I’ve been presuming all along that The Shape of Water, a period fantasy-adventure which he directed and co-wrote, would be one of these. But will it be? The fact that Fox Searchlight has announced a 12.8 release date indicates a belief in its award-season potential. Or does a December release mean all that much when we’re talking about GDT’s fantastical realm? I’m saying in the most respectful and laudatory terms that GDT doesn’t do “Oscar friendly” as a rule. I mean that as high praise.**

Logline: “An other-worldly story, set against the backdrop of Cold War era America circa 1963. In the hidden high-security government laboratory where she works, lonely Elisa (Sally Hawkins) is trapped in a life of silence and isolation. Elisa’s life is changed forever when she and co-worker Zelda (Octavia Spencer) discover a secret classified experiment.”

Fair question: We are told over and over in Hidden Figures, which is set in 1961 and ’62, that brilliant, go-getter African-American female mathematicians (Taraji P. Henson, Octavia Spencer, Janelle Monae) encountered racial resistance and considerable stress when it came to being valued and properly titled for their work. Not as high-level technicians, remember, but in a second- or third-tier capacity as math whizzes. But in The Shape of Water, which is set one year later, Octavia is working in a high-security government laboratory involved in a secret classified experiment. In other words, the bureaucratic government mentality that made her life difficult in ’61 and ’62 has evaporated in ’63, allowing Octavia to work at a much higher level and on a very touchy secret project.
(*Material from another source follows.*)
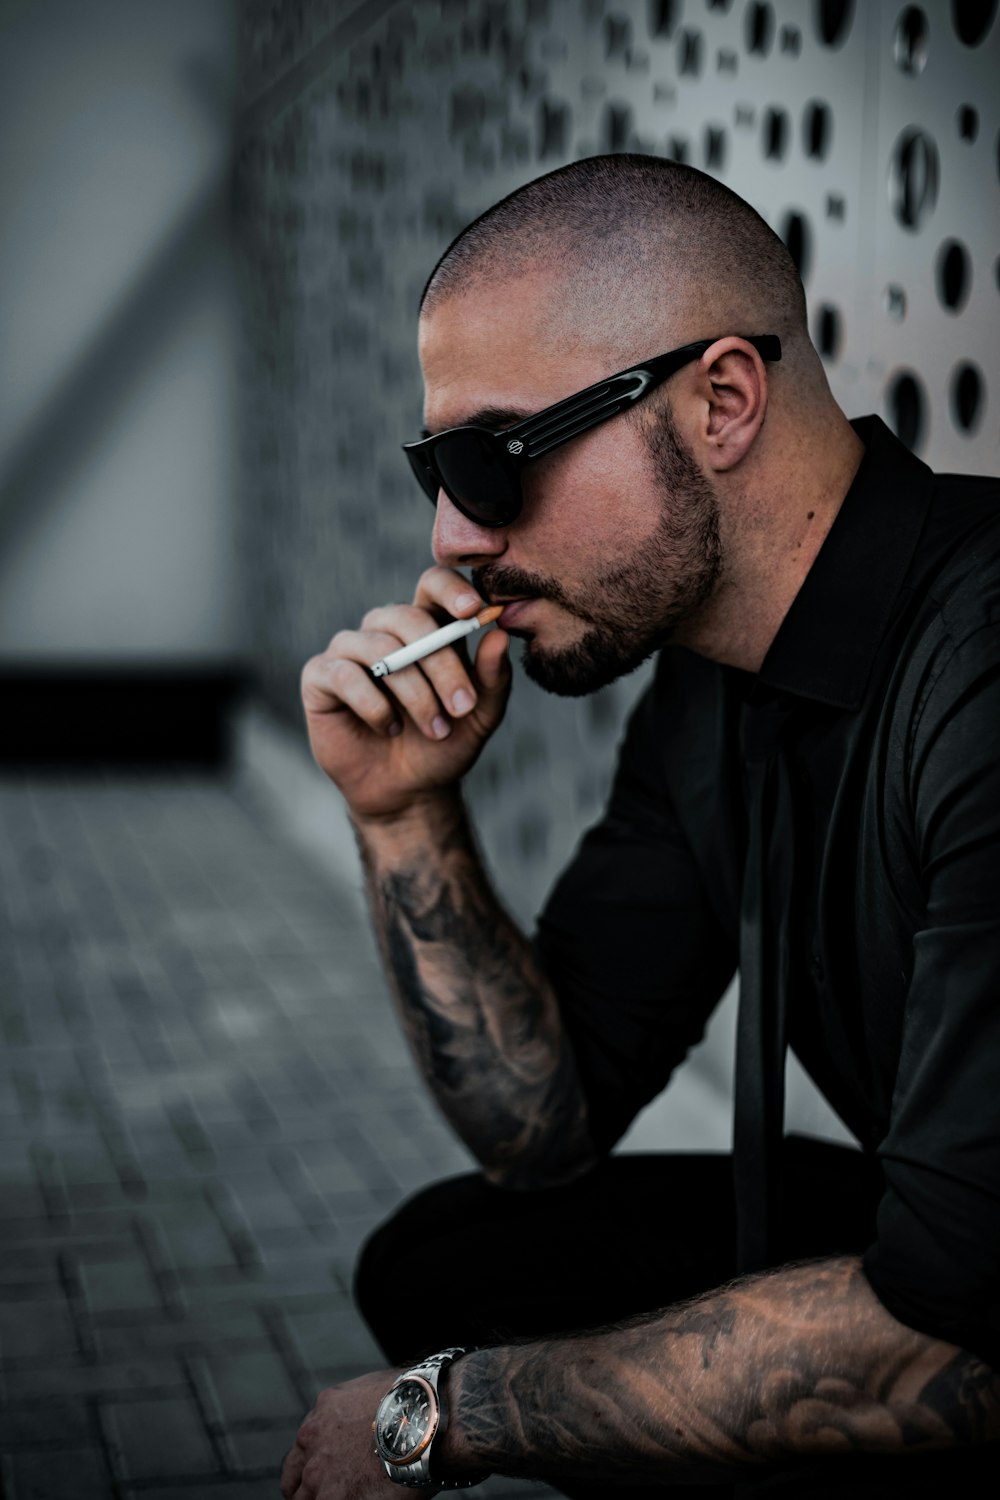 man in black dress shirt smoking cigarette
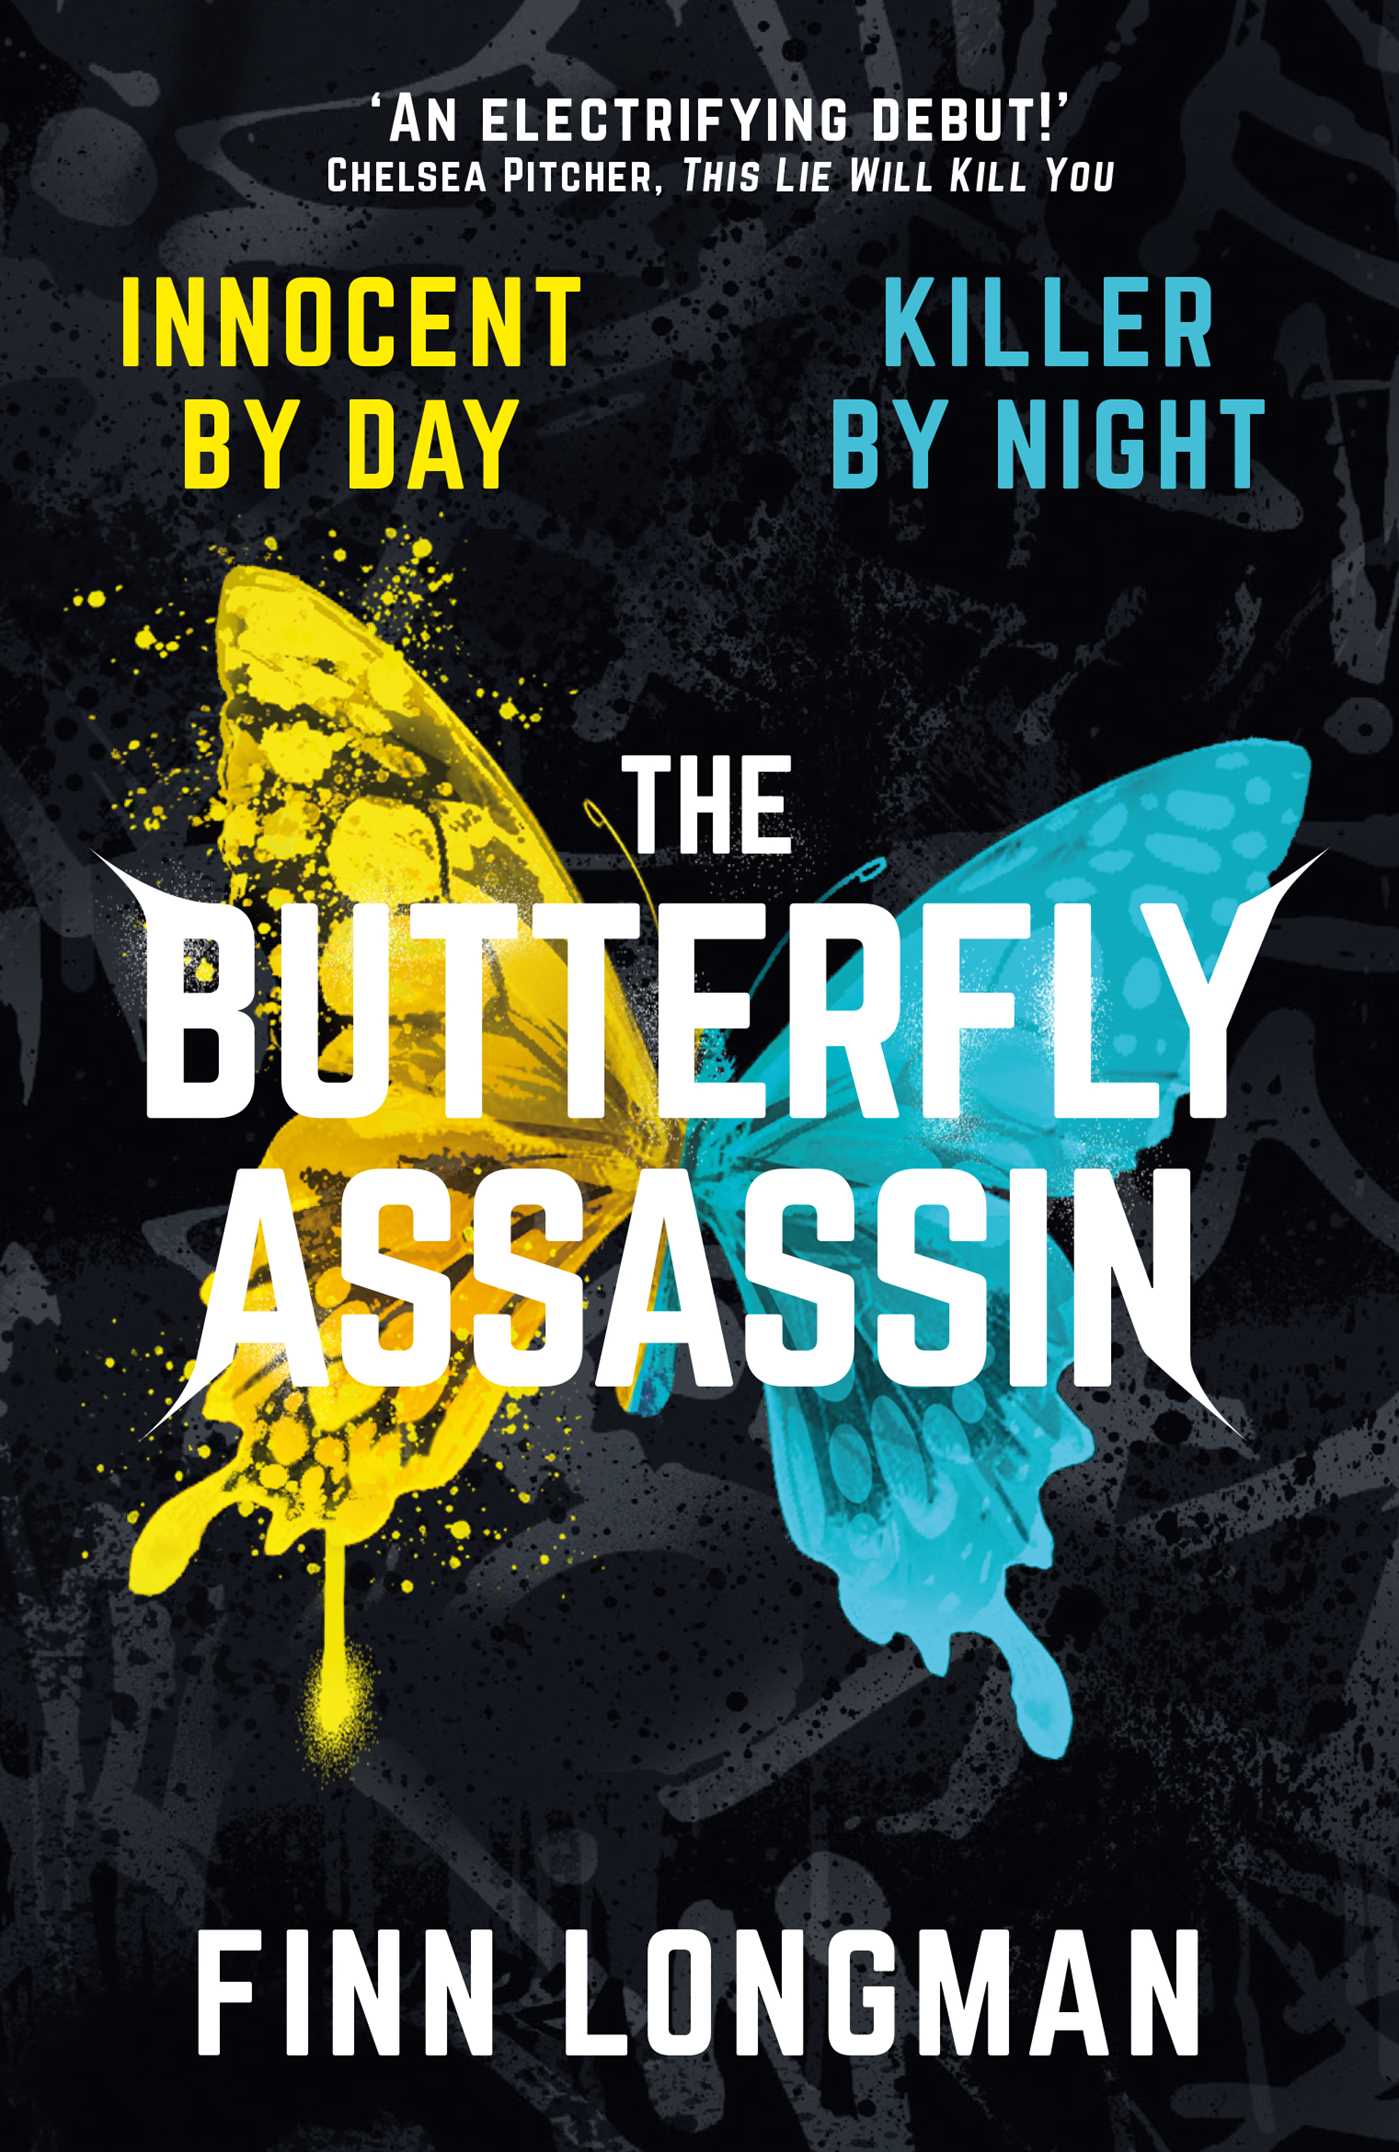 Goodreads (https://www.goodreads.com/book/show/58949006-the-butterfly-assassin?ref=nav_sb_ss_1_21)

That’s progress.

** A friend writes that Pan’s Labrynth “was nominated for six Oscars and won three. It should have been a Best Picture nominee if not the winner. That’s pretty Oscar friendly if you ask me.”

My response: “Yeah, but you know what I mean. Guillermo is brilliant, world-class genius type, but he’s made more popcorn-friendly movies than any serious director I can think of. His imagination is way out there, and he has this thing about monsters, and he tends to be more into production design and comic-book elements than your average stodgy Academy member has the patience for.”